Compared to other nations, America charges far more for hospital care, to an extent that has become downright ludicrous. According to the Washington Post, each day a person spends in an American hospital could mean anywhere from another $1,514 to $12,537 added onto the bill, while the cost per day in Argentina, Spain, South Africa, the Netherlands, France and Chile is under $1,000. Despite the enormous disparity between costs in the U.S. and costs elsewhere, our health care is not significantly better in terms of quality, and even the same brand-name drugs that are used elsewhere can cost up to five times more here.

Something to keep in mind is that not all countries spend equally, since income disparities do exist, meaning that residents of richer nations will spend more. However, according to the Organisation for Economic Co-operation and Development (OECD), Americans have around the same income level as people from Switzerland, yet we spend $3,000 more per person per year on health expenditure than they do. Spending on hospitals, physicians, dentists, pharmaceuticals and administration in the health care system is higher in the U.S. than in many other OECD nations as well.

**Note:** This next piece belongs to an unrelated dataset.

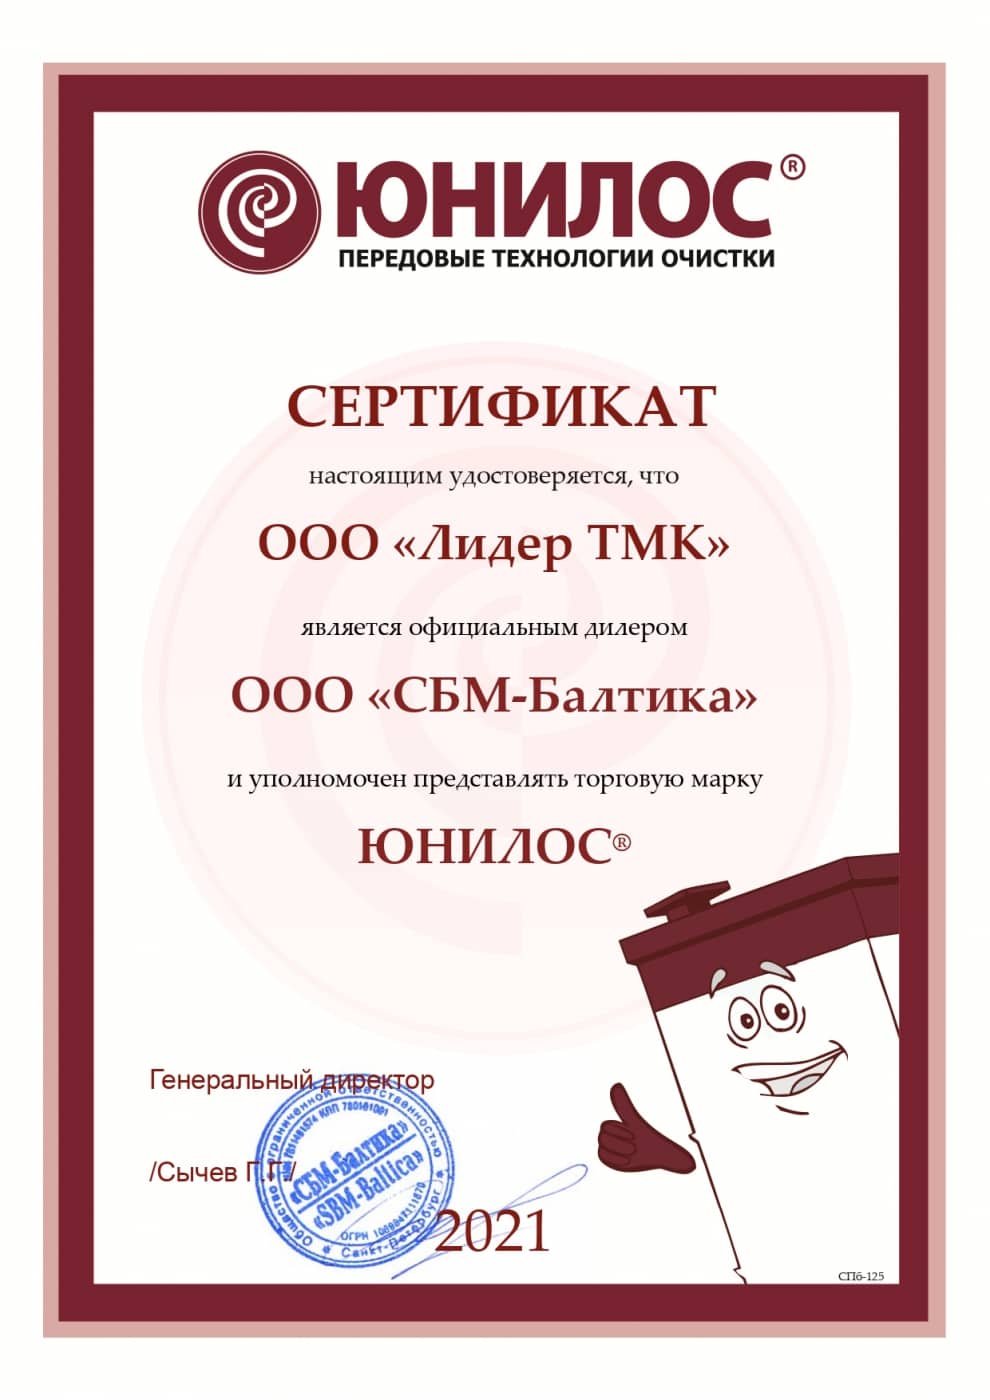 Септик Астра ДАБЛ 7 прин. сертификат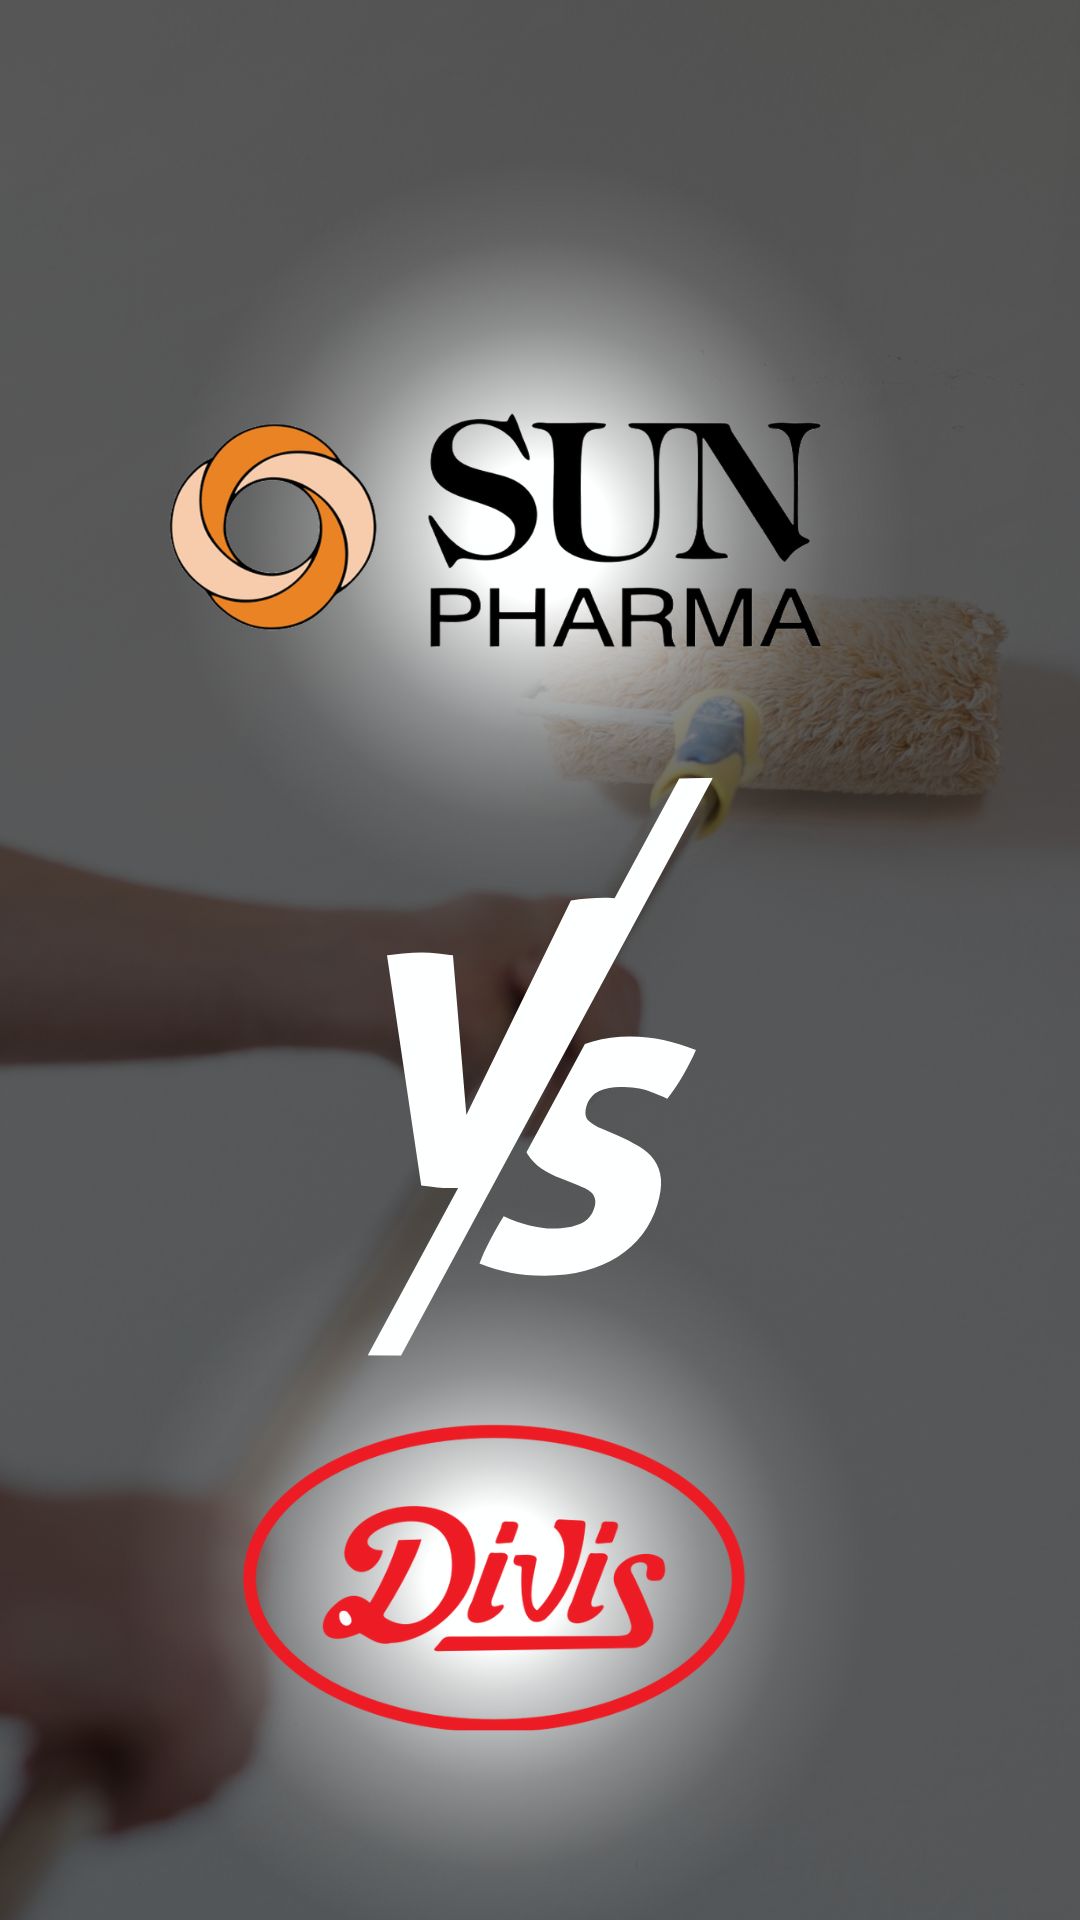 Sun Pharma reports bigger-than-expected rise in Q2 profit

What House Republicans need to realize is that instead of fruitlessly attempting to repeal an act that they have failed to remove or defund in over 40 instances, they should be working together to fix a corrupt health care system that takes advantage of the lack of governmental regulations. Making sure that citizens are adequately insured is an important issue, but Congress has become so fixated and single-minded about Obamacare that they repeatedly waste time that could be spent figuring out how to centralize hospital prices the way other countries do so that costs don’t fluctuate wildly.

In essence, the root of America’s health care problem resides in more than how citizens come about their insurance, and until Congress learns how to do its job, we are left waiting for change, watching as the U.S. continues to fall behind in progress and hoping with our fingers crossed that the hospitals we should be able to trust don’t drive us into bankruptcy.